Biometric security has progressively become a standard feature in flagship smartphones. Apple has offered Touch ID since the introduction of the iPhone 5S while Samsung, a leader in the Android space, introduced fingerprint security starting with its Galaxy S5. On Windows 10 Mobile, Microsoft opted for iris recognition for its recent Lumia 950 and 950 XL smartphones while HP included both iris and fingerprint recognition in its Elite X3 handset.
However, smartphone manufacturers have had to learn some tough lessons along the way with regard to how to best implement biometric security into their devices.
Back in 2011, Android developer Tim Bray refuted initial claims that the Face Unlock feature on the Galaxy Nexus smartphone running Android 4.0 could be fooled by a photo of the registered owner. Unfortunately, this was later verified on video, putting a serious dent in Google's claim to security.
Since then, biometric security has continued to improve despite initial setbacks. However, a new attack demonstrated by a team at Michigan State University has shown a new way to fool the fingerprint sensor in the Samsung Galaxy S6 and Huawei Honor 7.
The attack involved the creation of a spoofed fingerprint using a photograph of the owner's fingerprint and the use of a Brother MFC-J5910DW printer equipped with silver conductive ink cartridges and transparent film supplied by AgiC.

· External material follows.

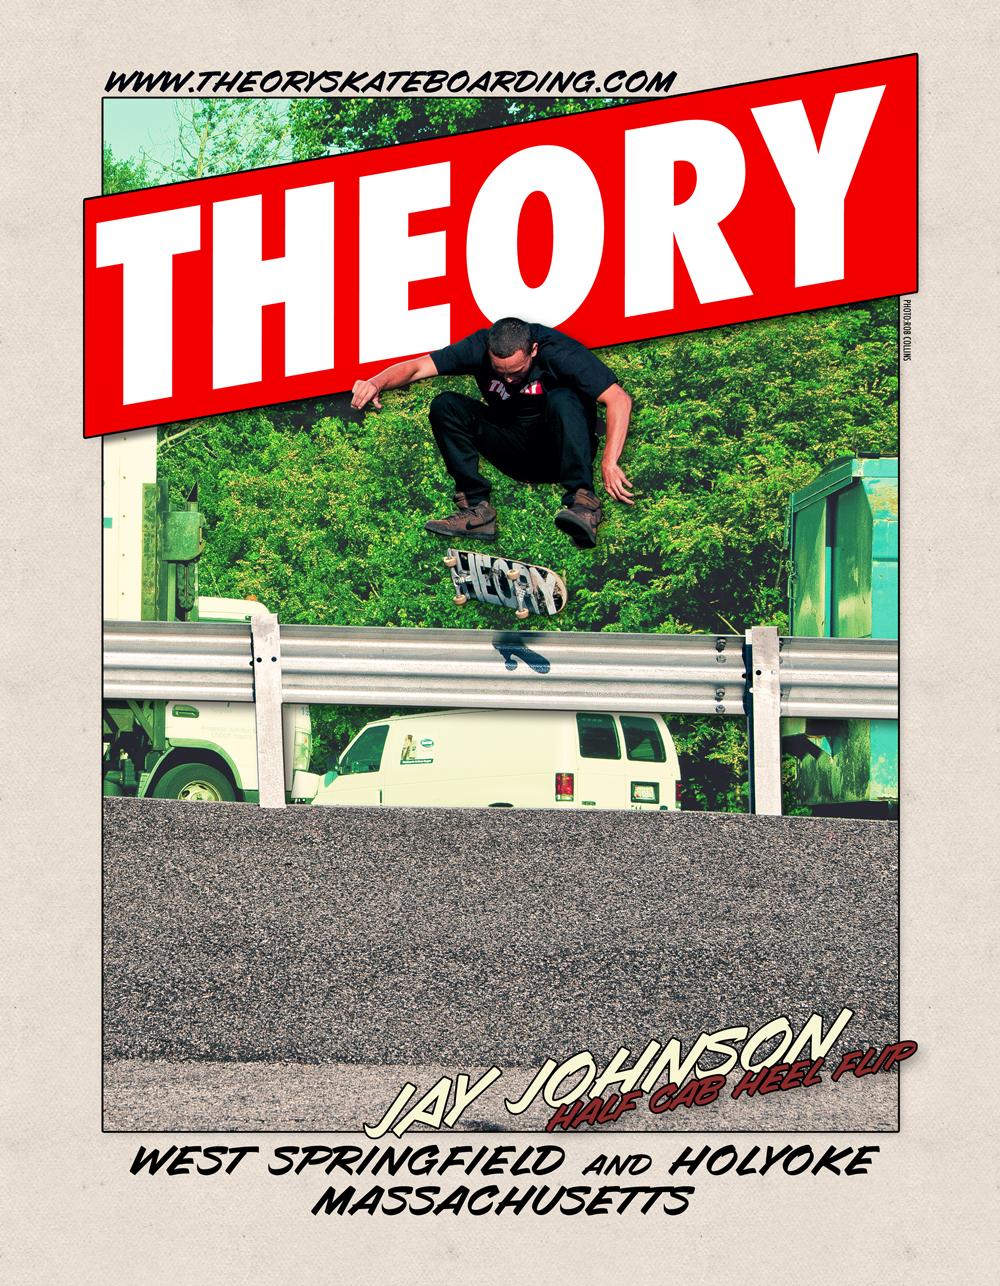 Jay Johnson

AgiC, originally crowdfunded on Kickstarter, created its conductive ink and transparent film to bring printable circuits to people of all ages and experience. Given the conductivity of the ink, it made an ideal candidate for emulating a live fingerprint.
As can be seen in the video above, the spoofed fingerprint allowed access to the smartphone after being applied to the fingerprint sensor. However, the MSU publication noted that the "Huawei Honor 7 is slightly more difficult to hack (more attempts may be required) than Samsung Galaxy S6."
At the very least, the research has highlighted that anti-spoofing countermeasures in biometrics must continue to evolve to thwart such threats. Even though this specific attack requires a level of skill, resources and patience, perhaps beyond that of a casual hacker, it does serve as a reminder that modern biometric security is not infallible.